Sharmini Selvarajah discusses new Sutton Trust research on the costs and benefits of extra-curricular activities, giving her own experiences as a parent.

Back to school this week which in my house means the usual last minute scrabble for uniform, late nights ironing in name tags and a desultory attempt to reinstate early bedtimes. Plus, for the first time, a new back to school ritual – the writing of cheques for extra-curricular activities. Violin lessons, piano lessons, clarinet, choir, three lots of swimming, football, rugby.

When my children were younger I vowed that I would never become one of those parents constantly ferrying their offspring to music lessons, sports clubs and other activities. But it’s hard to resist the pressure to offer your children at least some of the opportunities their peers are enjoying so here I am, writing cheques and trying to work out if we can also squeeze karate in this term.

So far I haven’t made use of private tuition – another paid for out of school activity that is surprisingly common in my neighbourhood. Where we live, on the outskirts of London, parents are willing to pay upwards of £30 an hour for a tutor to help their child with school work or prepare for entrance tests to secondary schools. As new polling from the Sutton Trust shows 23% of young people report having tutoring, a figure that rises to 37% in London.

Participation in enrichment activities, which are sometimes offered free by schools, is more common. My children are part of a large majority who enjoy after school clubs like choir, Brownies or sports. Sutton Trust polling finds 76% of parents report that their child participated in a regular extra-curricular activity in the past 12 months. But this figure varies significantly by social and economic status. As you might expect, it’s those from the most advantaged backgrounds who are most likely to take part in activities and also have the most money spent on them.

35% of households earning more than £52,000 a year have paid fees for extra-curricular activities for their children in the past three months, compared with only 9% households earning less than £14,000 a year. In other words, a child from the richest fifth of families is four times more likely to enjoy paid for extra-curricular activities than one from the poorest fifth. And the amount spent on these activities also varies by social class. 22% of parents with professional or administrative occupations reported spending £500 or more on one child in the last year, compared with just 10% of those with manual or routine jobs.
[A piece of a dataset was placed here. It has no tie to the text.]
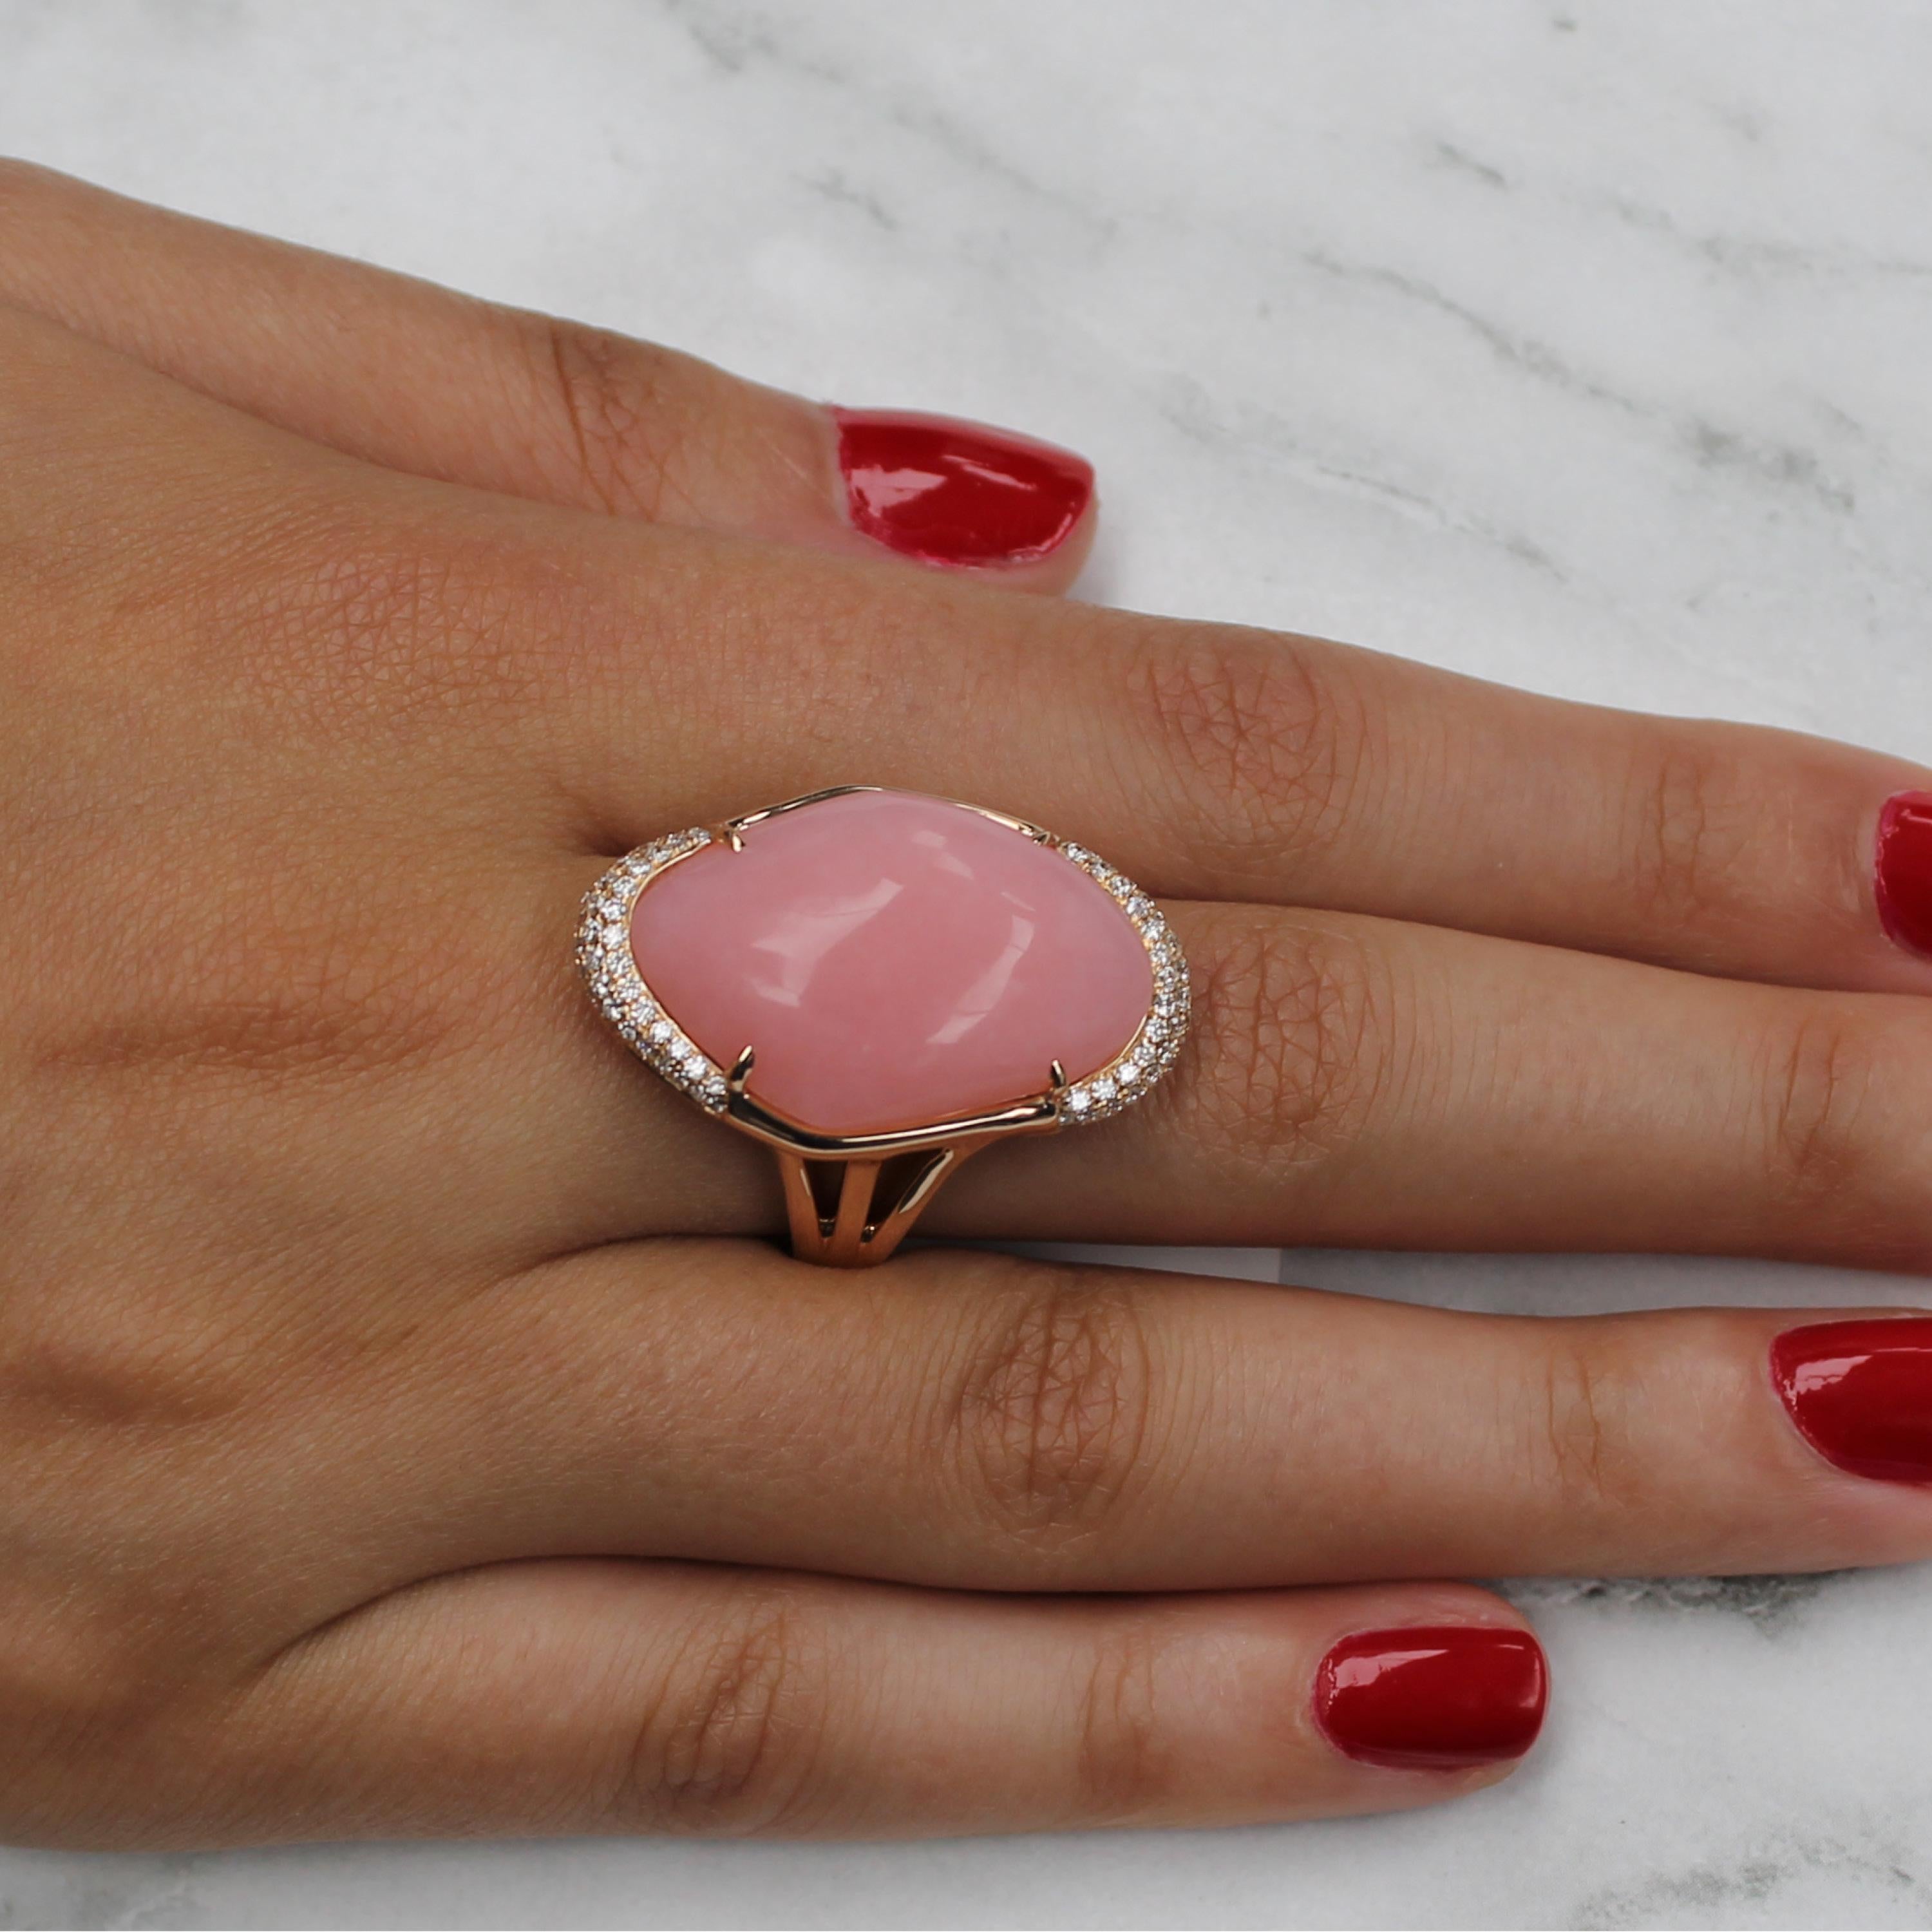 Cabochon-cut Pink Opal ring, with pave diamond accents, split shank, set in 18K rose gold. Finger size 6.5, adjustable upon request/quote. Pink Opal is a powerful stone, known for healing the emotions, especially those connected with subconsciously

But how much does this matter? We already know that the link between family background and earnings is stronger in Britain than any other developed country other than the US. Children from poorer families on average have worse educational outcomes and are considerably less likely to attend university than their more affluent peers. Solving these inequalities requires significant efforts to improve support for families in the early years and a focus on narrowing the gap in attainment between rich and poor that grows as children progress through school. In the face of these complex problems how much difference will violin lessons or the opportunity to take part in an after-school drama club make?

There’s some evidence that participation in extra-curricular activities can have a positive impact on educational attainment and career outcomes. The Sutton Trust/EEF Toolkit, which is based on over 10,000 pieces of educational research, finds “reasonably consistent but weak evidence that participation in artistic and creative activities is beneficial”. It’s an area we need to learn more about and the EEF is currently carrying out the UK’s first independent evaluation on whether music lessons can improve attainment.

But we don’t need to wait for evidence that enrichment activities improve test results to know that they do enhance cultural capital and, in doing so, improve access to future opportunities. As such they can be a lever in increasing social mobility. That’s why the Sutton Trust advocates the Government funding means-tested vouchers that low-income families can spend on extra-curricular activities and learning outside the classroom. It’s true they may not make as much difference to a poor child’s life chances as having outstanding teachers or getting consistent, high quality care in the early years, but they can contribute to the uphill battle to improve social mobility in Britain.

Still, as I write out yet another cheque this evening, I know it’s not to improve my children’s SATs scores or to give them access to better opportunities later in life. Like the vast majority of other parents doing the same I’m doing it because I want my children to enjoy different experiences that they can’t necessarily get at school. To learn an instrument because it’s fun and gives you access to an amazing world of music. Or to experience the excitement and challenge of playing in a team. Because, like all parents, I know learning doesn’t stop in the classroom. And every child, regardless of their family income or background, should be given the chance to benefit from learning outside school.